We've enjoyed the benefits of a fair amount of reporting on Summers and Geithner in recent days. Noam Scheiber's piece in the New Republic is the best so far, with the Wall Street Journal adding some more detail on Saturday. Scheiber is the only commentator so far I've seen who has noted Geithner's earlier calls for better regulation and greater transparency. More intriguingly, he asserts that Geithner lobbied for more aggressive intervention to save Lehman.
While the deliberations among Geithner, Paulson, and Bernanke remain opaque, there is a growing consensus on Wall Street and in Washington that Geithner would have been more reluctant to let Lehman go if left to his own devices.
But as James Surowiecki points out in his new economics blog, that's not how contemporaneous news accounts reported it -- according to the New York Times, Paulson, Bernanke and Geithner were all on the same page. There's also the worrisome news that Geithner recently appointed a former Bear-Stearns risk management executive who managed to be explosively wrong in performing his duties to an important Fed position.
Is the new historical revisionism a sign of Geithner's media savvy? Suffice to say, there are likely very few people who know what really happened in those crazy days of mid-September, and Jim Cramer, who has been wrong about so many things, is hardly the man to trust.

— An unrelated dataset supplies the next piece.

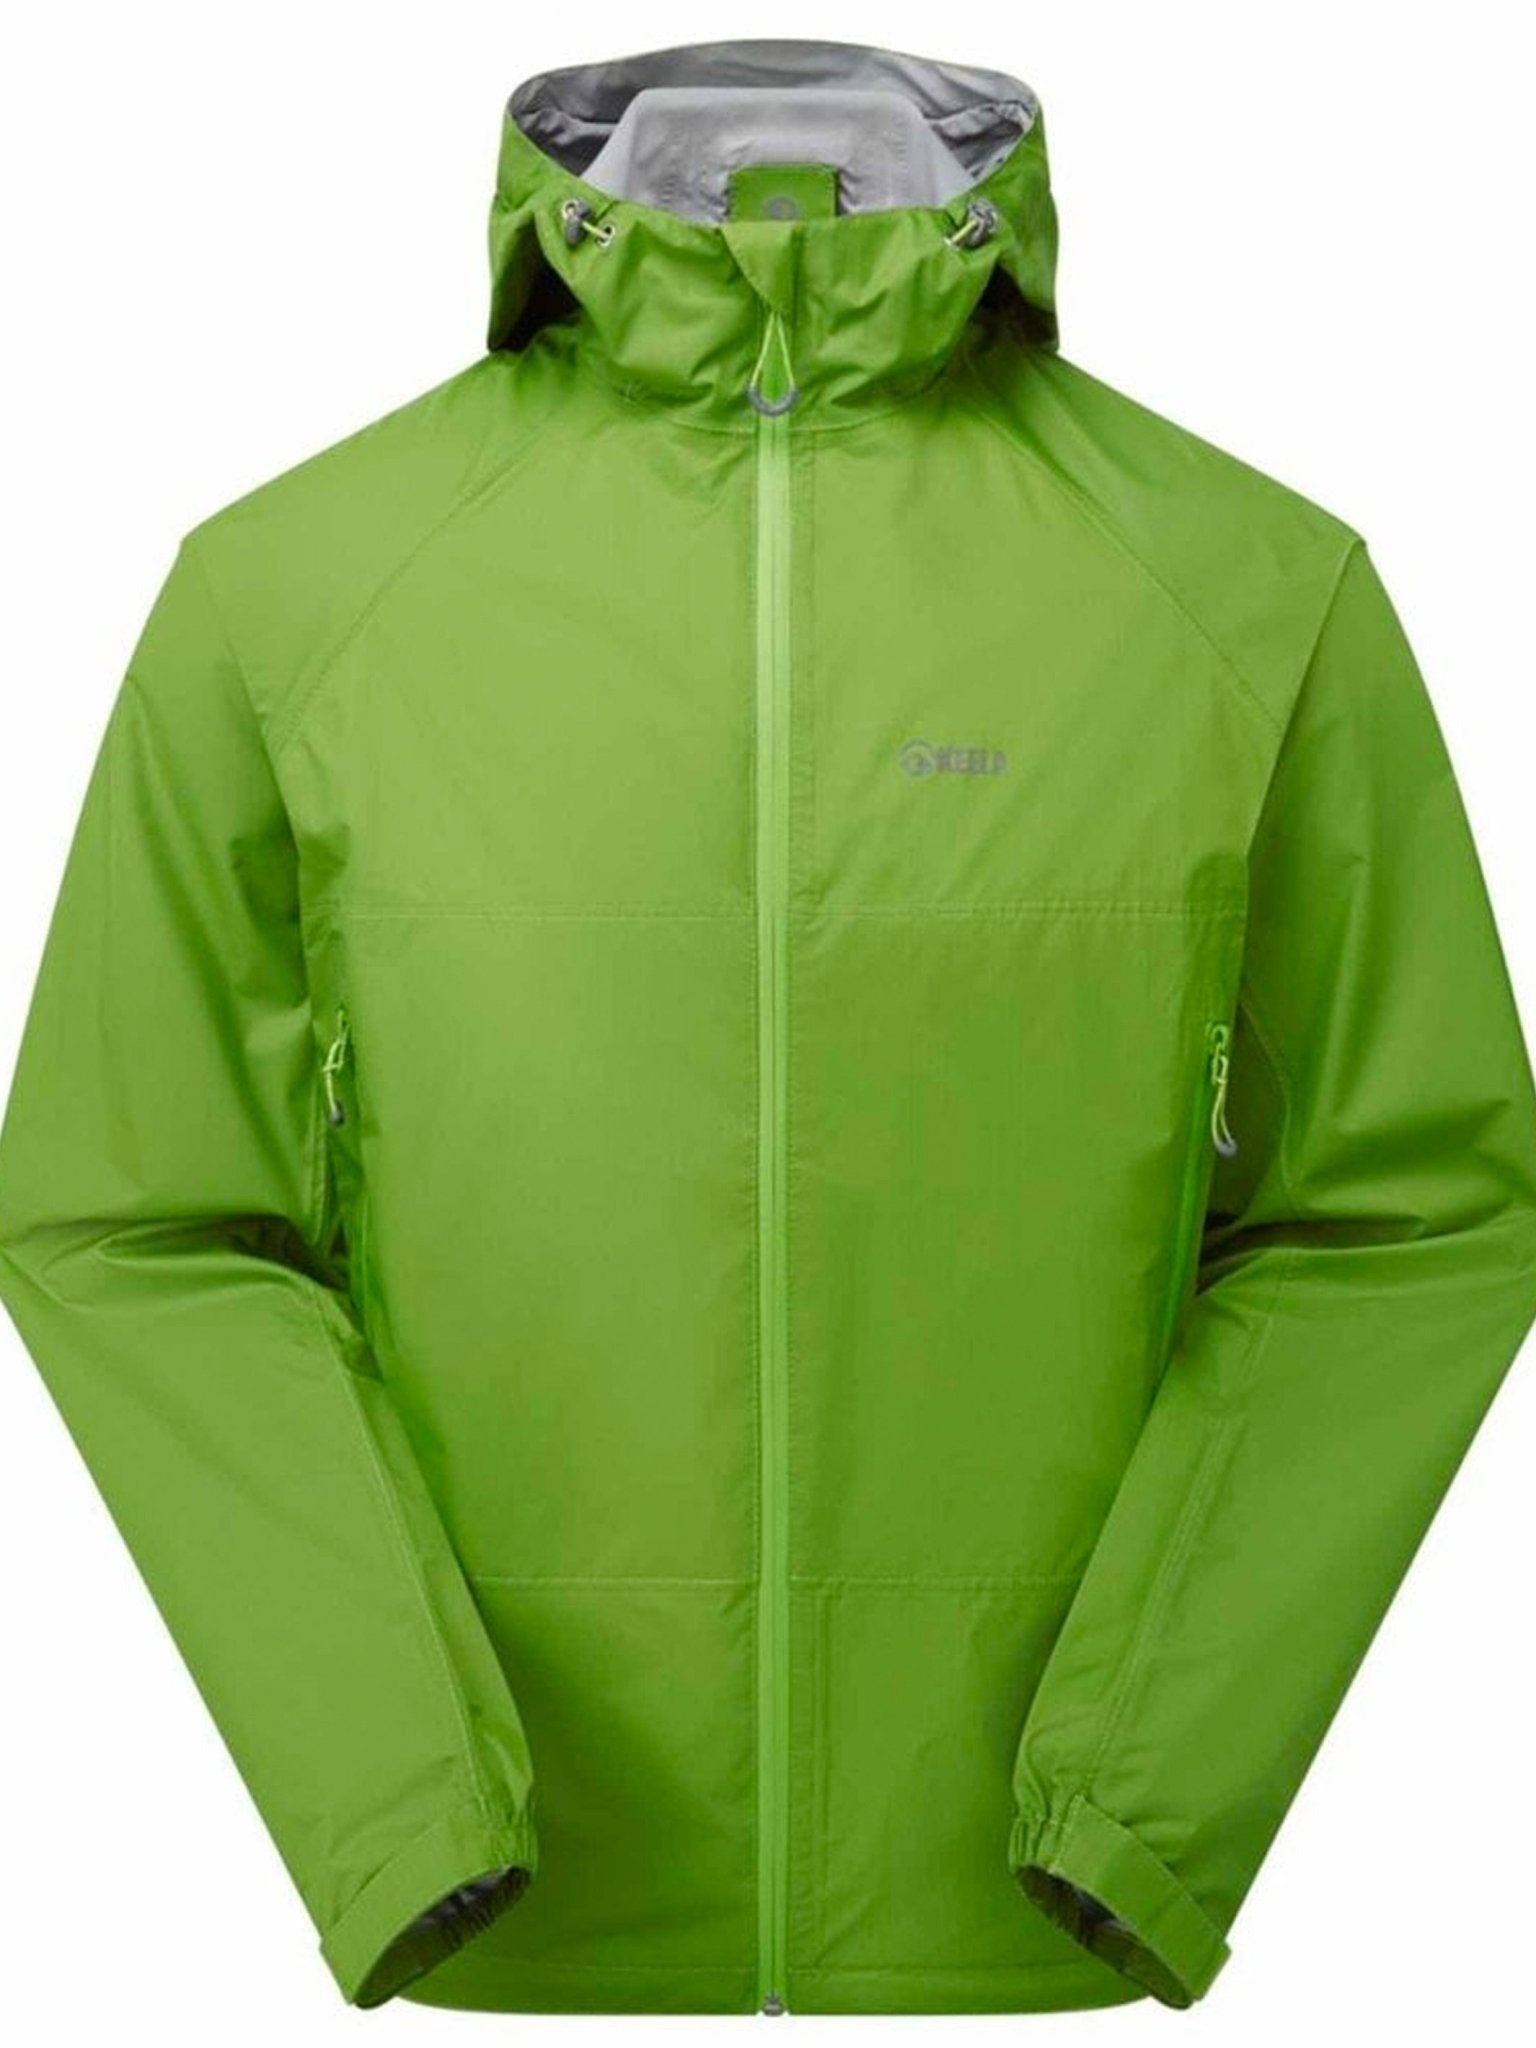 4elementsclothingKeelaKeela Outdoors - Keela Mens Paklite Waterproof packable, Breathable lightweight Jacket / coat with hoodOuterwear02420-265000-0-111

One can only hope that as the Obama transition team proceeds with all "deliberate haste" to make their decision, they will be getting to the bottom of exactly this mystery.
But there is a larger issue here. As Scheiber and the Wall Street Journal both report, Geithner was Summers' protégé at the Treasury Department -- choosing between the two men is hardly a choice between ideologies. One can even argue that, as judged by his Financial Times columns over the past two years, Summers has come a long way from the go-go market fundamentalist days of the 1990s. Now he's a strong advocate of aggressive economic stimulus, government intervention, and even increased regulation.
Which really shouldn't be that much of a surprise. One thing that virtually everyone, whether pro or con Summers, agrees upon, is that Summers is a very smart person. Most smart people reviewing the current wreckage of Wall Street realize that the policies of the past are no longer functional and that a new course must be set. The question is, who will be most effective in setting that course -- the former occupant of the office, Lawrence Summers, a man well known to be arrogant and impolitic, or his younger, slicker, more-adept-in-the-ways-of-compromise-and-negotiation protégé Tim Geithner?
Or perhaps Obama will choose someone completely different! There are voices on the left who rage against the possibility of anyone associated with Wall Street status quo being put in charge of the economy. Then again, appointing someone who isn't intimate with the nature of the beast poses its own challenges. How can you tame it, or kill it, if you don't know what you're dealing with?